Our grand Despair/Bizim Büyük çaresizligimiz du Turc Seyfi Teoman est une dramédie, mélange de drame et de comédie, mais la langueur observée ici exigerait plutôt l’appellation de coma. A la suite d’un accident de la route, la jeune étudiante Nihal est orpheline de père et de mère. Son frère aîné vit loin, à Berlin. Il demande donc à ses deux copains d’études trentenaires de recueillir sa sœur dans leur appartement (très bien entretenu) d’un quartier chic d’Ankara. Au début, la jeune fille est abattue par la douleur, mais peu à peu elle s’habitue à ces « oncles », plus corrects tu meurs, et leurs cœurs commencent à chavirer. Il ne se passera pourtant strictement rien d’inconvenant. Car les deux hommes, quand bien même on veut nous faire croire qu’ils aiment ou ont aimé des femmes, ont un comportement trop caractéristique d’un couple marié pour ne pas nous faire penser à l’amour qui n’ose pas dire son nom. Ils affirment d’ailleurs être passionnément amoureux l’un de l’autre, mais d’une façon sublimée. Est-il toujours risqué de parler d’homosexualité en Turquie ? Cette tempête dans un verre d’eau est magnifiquement photographiée par la cheffe opératrice Birgit Gudjonsdottir, qui magnifie la capitale turque comme Nuri Bilge Ceylan l’a fait pour Istanbul.

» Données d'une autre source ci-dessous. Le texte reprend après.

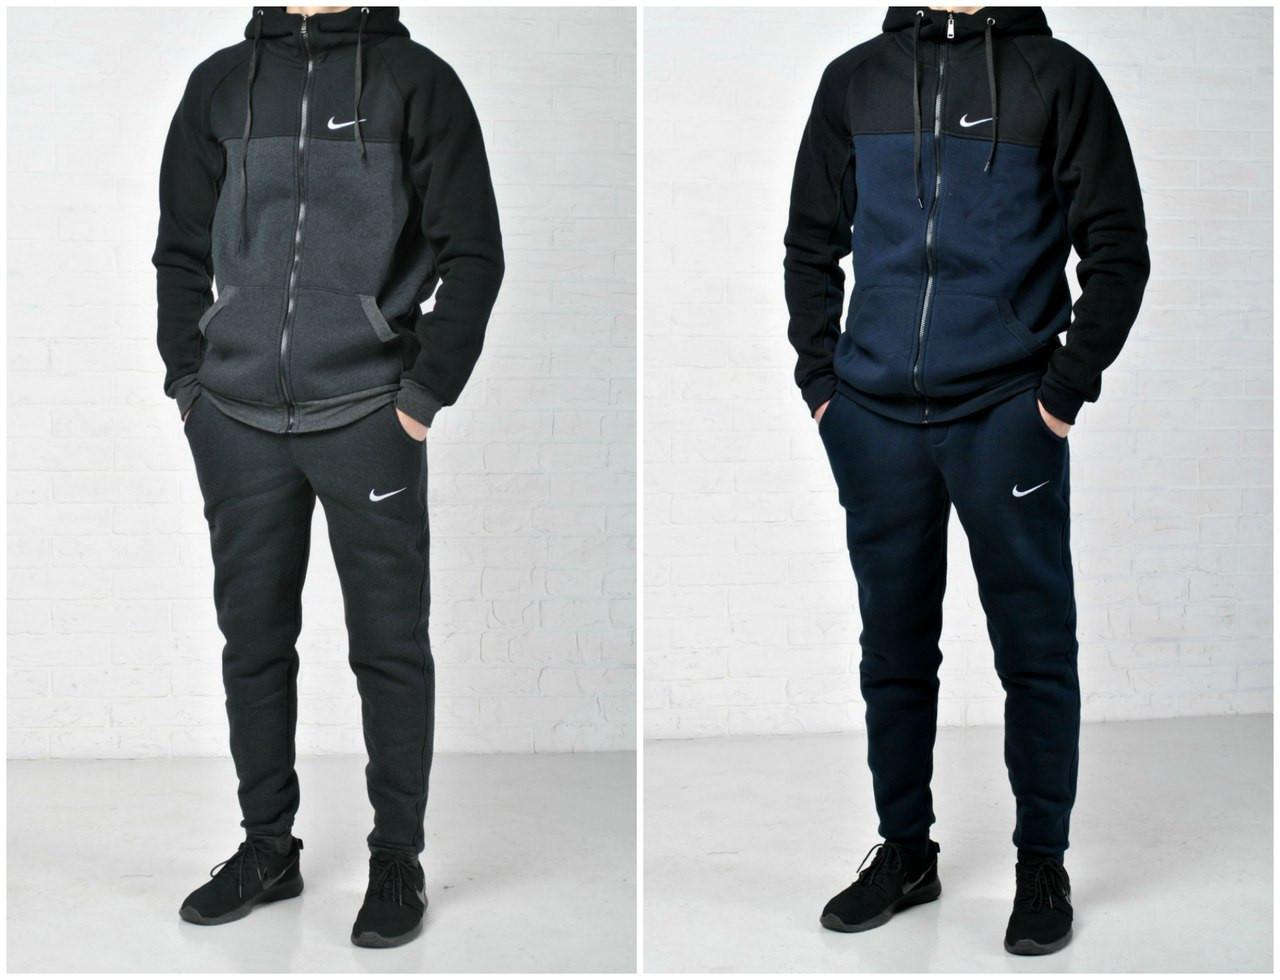 1a13d6c9309e Утепленные мужские спортивные костюмы Nike осень зима утепленные с  капюшоном р-ры S M L XL
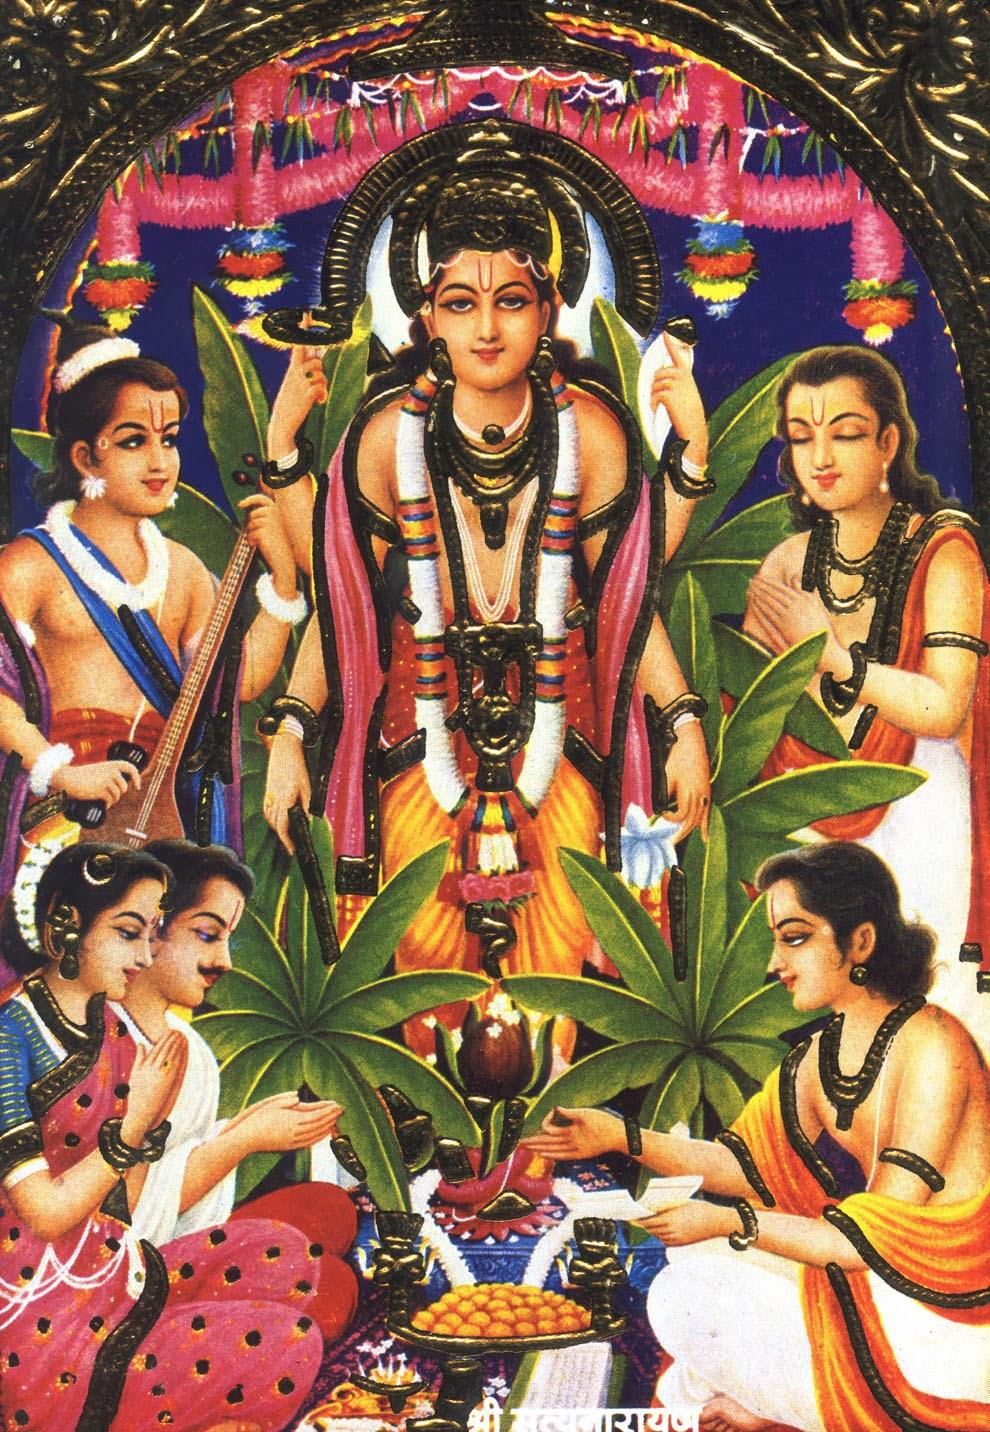 Beautiful Wallpapers Lord Satyanarayan Hd Wallpapers For Desktop And Mobile-7020

« The Forgiveness of Blood » de Joshua Marston

Le réalisateur américain Joshua Marston s’était signalé dans son premier film, Maria Full of Grace (2004), par la sécheresse quasi-documentaire avec laquelle il décrivait le calvaire d’une jeune Colombienne, devenue mule pour les trafiquants de drogue afin de subvenir aux besoins de sa famille. Avec The Forgiveness of Blood , son deuxième film, son assurance a encore grandi. Il cloue au pilori cette coutume ancestrale qui a malheureusement encore cours en Albanie, la dette de sang, que des décennies de joug communiste n’ont pas pu éradiquer. Au cours d’une rixe concernant des droits de passage sur une propriété, un paysan est tué par le père des adolescents Nik et Rudina. Nik est à deux doigts du bac, amoureux d’une fille et projette d’ouvrir un café internet. Sa sœur vise l’université. A cause de la bêtise de leur père, ils verront tous leurs rêves s’écrouler. Selon le droit coutumier du kanoun, la famille d’une personne injustement tuée a le droit de prendre à son tour une vie dans la famille de l’assassin, le plus souvent le chef de famille ou le fils aîné. Le père s’étant enfui dans la montagne, Nik et son frère cadet doivent se cloîtrer dans la maison. Ce qui laisse à Rudina la tâche d’assurer le quotidien de la famille. Elle s’y prête de bon cœur, mais Nik a bien l’intention de mettre fin à la situation, fût-ce au prix de sa vie. Le film a remporté l’ours d’argent pour le meilleur scénario.